From its opening until 2015, it was home to HC Slavia Prague of the Czech Extraliga. Slavia won the national championship on home ice in Game 7 of the 2008 Extraliga finals against HC Karlovy Vary 4–0 in front of a then-league-record crowd of 17,117. For two seasons, 2012–13 and 2013–14, O2 Arena also hosted occasional home games of HC Lev Prague of the Kontinental Hockey League. The club played its home games of the 2014 Gagarin Cup Finals at O2 Arena, attracting the three largest crowds in league history. In 2015, Slavia was relegated to the 1.liga, and the club chose to move back to the smaller Zimní stadion Eden, the team's former home and current training centre. In its place, O2 Arena reached an agreement with cross-town rivals Sparta Prague on 24 June 2015. Sparta ownership cited the need for significant renovations at Tipsport Arena as the main reason for the move.

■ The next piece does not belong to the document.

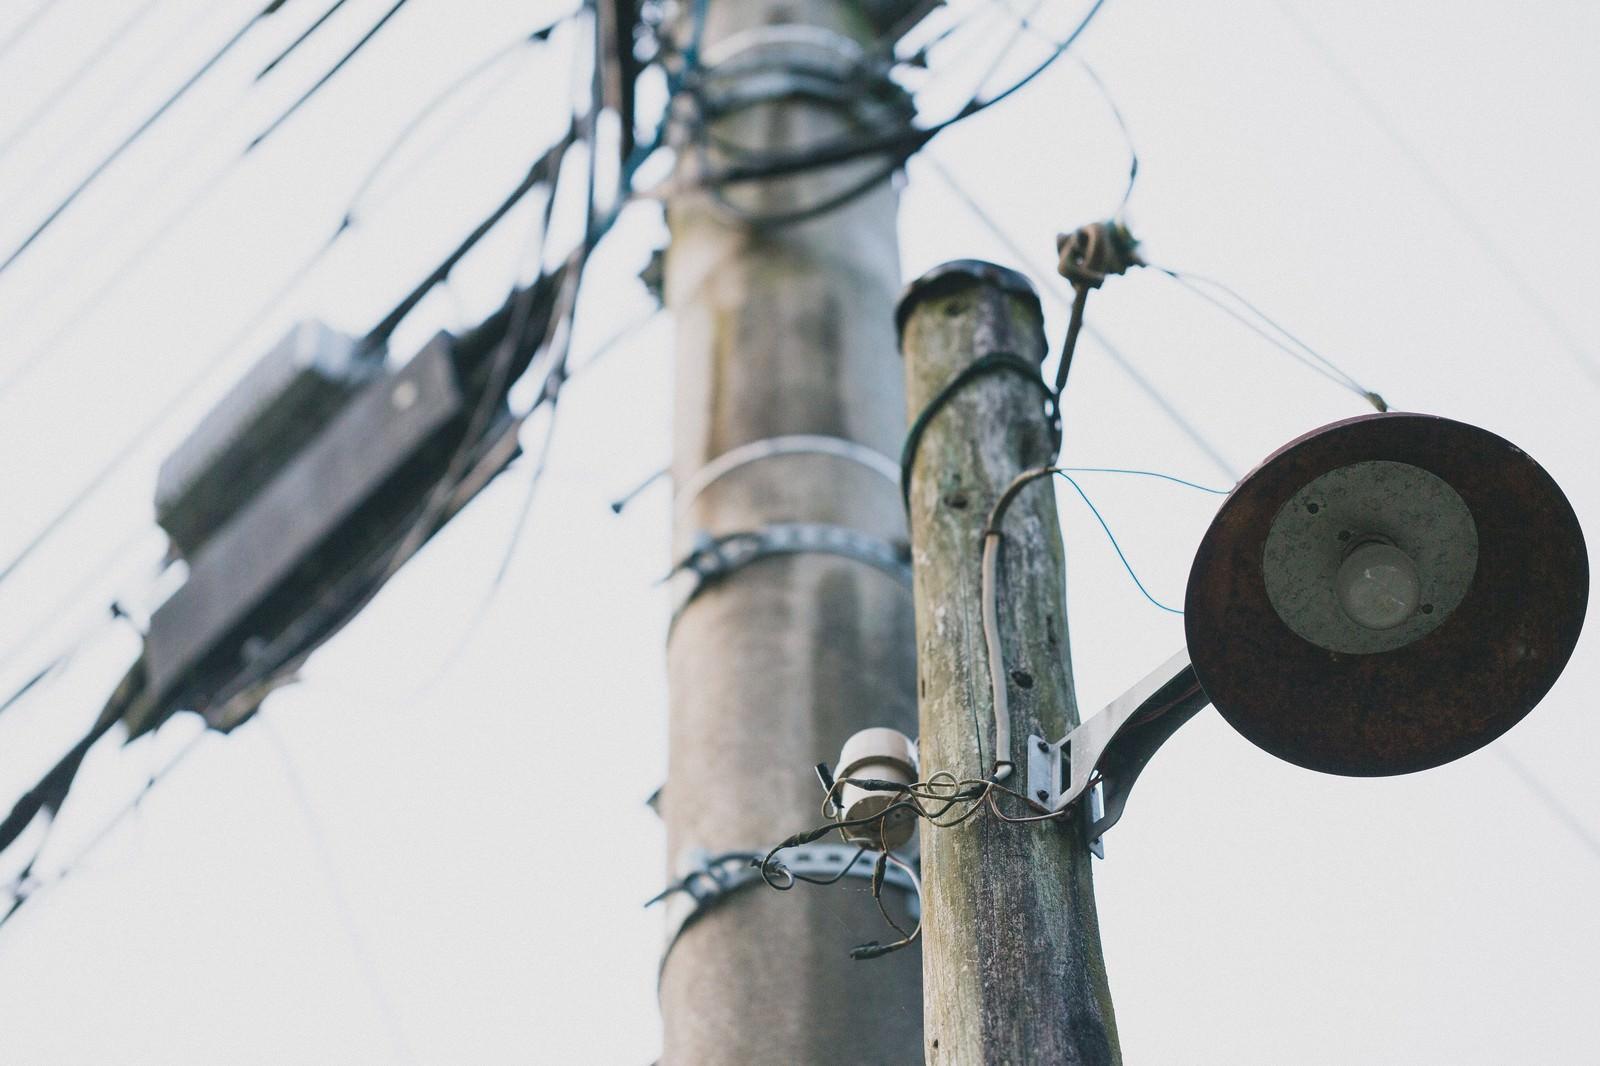 「古びた街灯」の写真

In 2015, O2 Arena co-hosted the IIHF World Championship with ČEZ Aréna in Ostrava for the second time. This time, the tournament re-established the record for World Championship attendance, which stood until being surpassed in 2024 with the tournament held in the same two cities.

In 2017, it hosted the 1st edition of Laver Cup international indoor hard court men's tennis tournament between Europe and Team World.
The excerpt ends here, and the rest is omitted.